In R, the binomial test is performed by binom.test() which can be applied using the following syntax:

binom.test(x, n, p = 0.5,
           alternative = c("two.sided", "less", "greater"),
           conf.level = 0.95)

where:

  • x denotes the number of successes, or a vector of length 2 giving the numbers of successes and failures, respectively.

  • n is the number of trials; ignored if x has length 2.

  • p hypothesizes the probability of success. It takes the value of 0.5 by default.

  • alternative indicates the alternative hypothesis and must be one of “two.sided”, “greater” or “less”. You can specify just the initial letter. By default, it is set to “two.sided”.

  • conf.level indicates the confidence level for the returned confidence interval. It takes the value of 95% by default.

The binomial test compares a sample proportion to a hypothesized proportion. The test can be performed with a two-tailed alternative that the true population is unequal to the hypothesized one or with a one-tailed alternative that the true population proportion is less (left-tailed) or greater (right-tailed) than some value p. Let us look at how binom.test works for these three cases.

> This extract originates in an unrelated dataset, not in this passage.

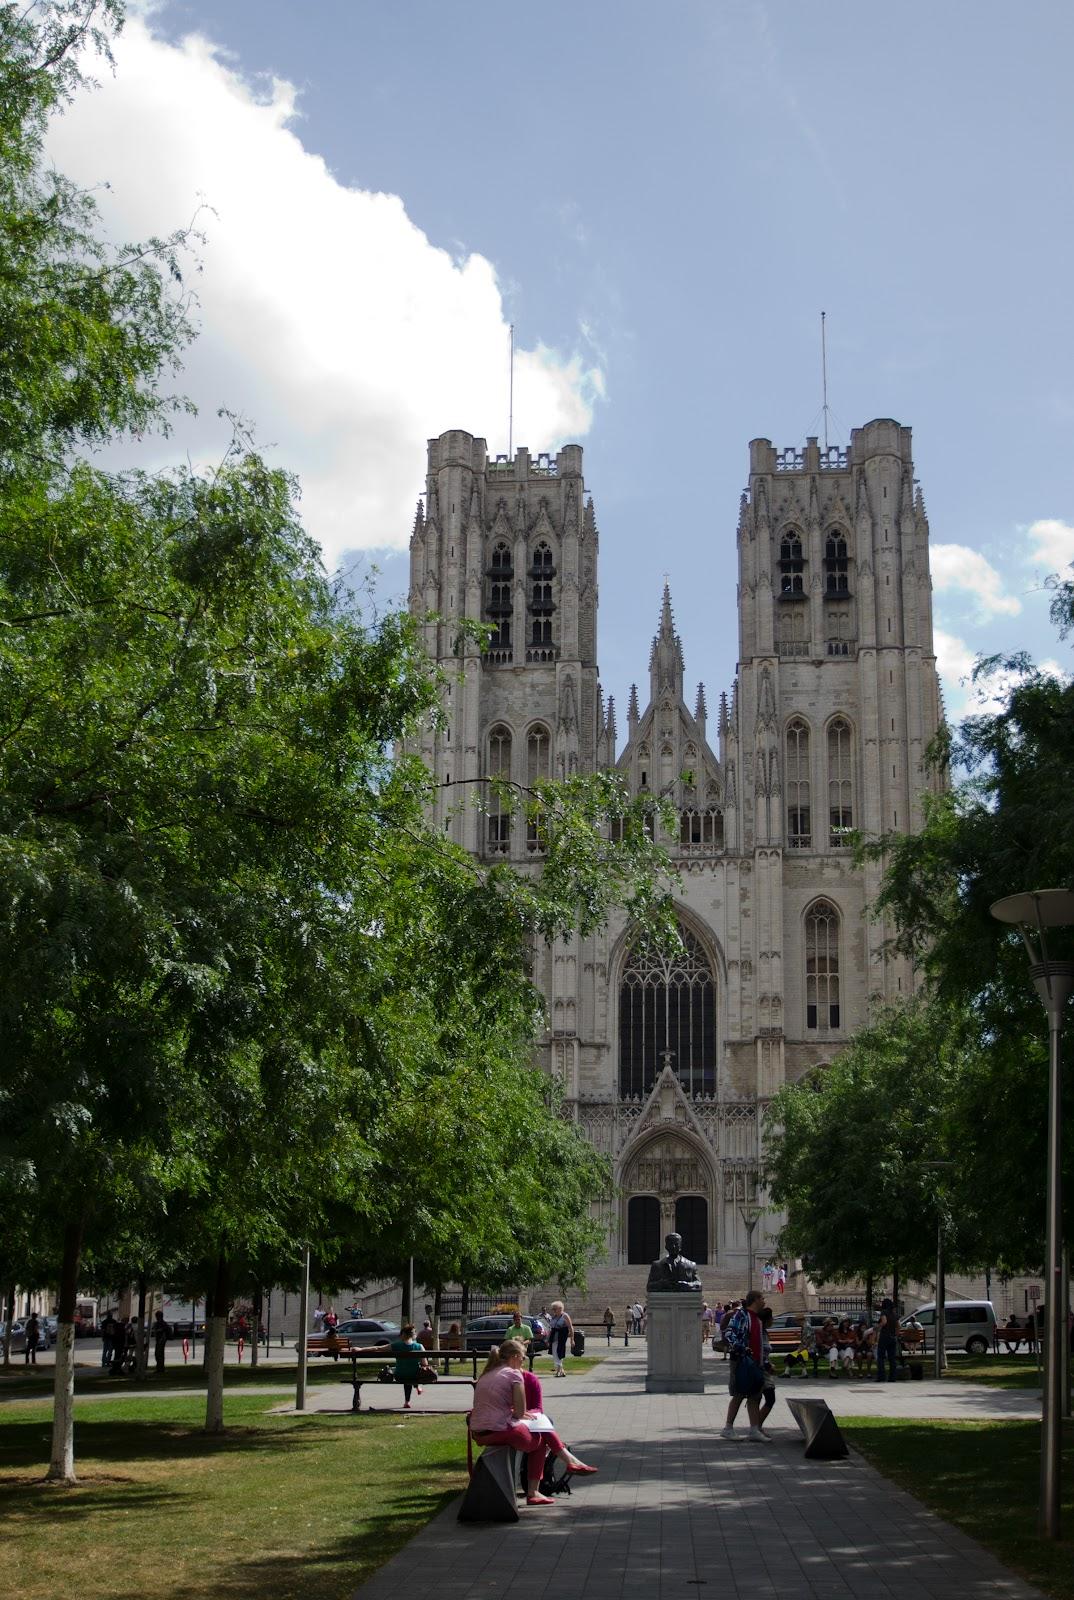 Catedrala Sfinților Mihail și Gudula

Example 1: Two-tailed Binomial test

Imagine you are investigating the fairness of a die. To assess this, you roll the die 24 times (n) and observe that the number 4 appears 9 times (x). You can use binom.test() to test whether the observed number of successes (rolling a 4) is significantly different from what you would expect under the assumption of fairness. Because the probability (p) of obtaining each number on the die is 1/6, the hypothesis can be set in the following way:

  • H0: p = 1/6
  • H1: p ≠ 1/6

Here is the code:

binom.test(9, 24, 1/6)

This function gives the p-value for the test which is 0.012. Since this is less than 0.05 (assuming a 5% significance level), we can reject the null hypothesis and conclude that there is evidence that the die does not land on the number “4” during 1/6 of the rolls, indicating that the die is not fair.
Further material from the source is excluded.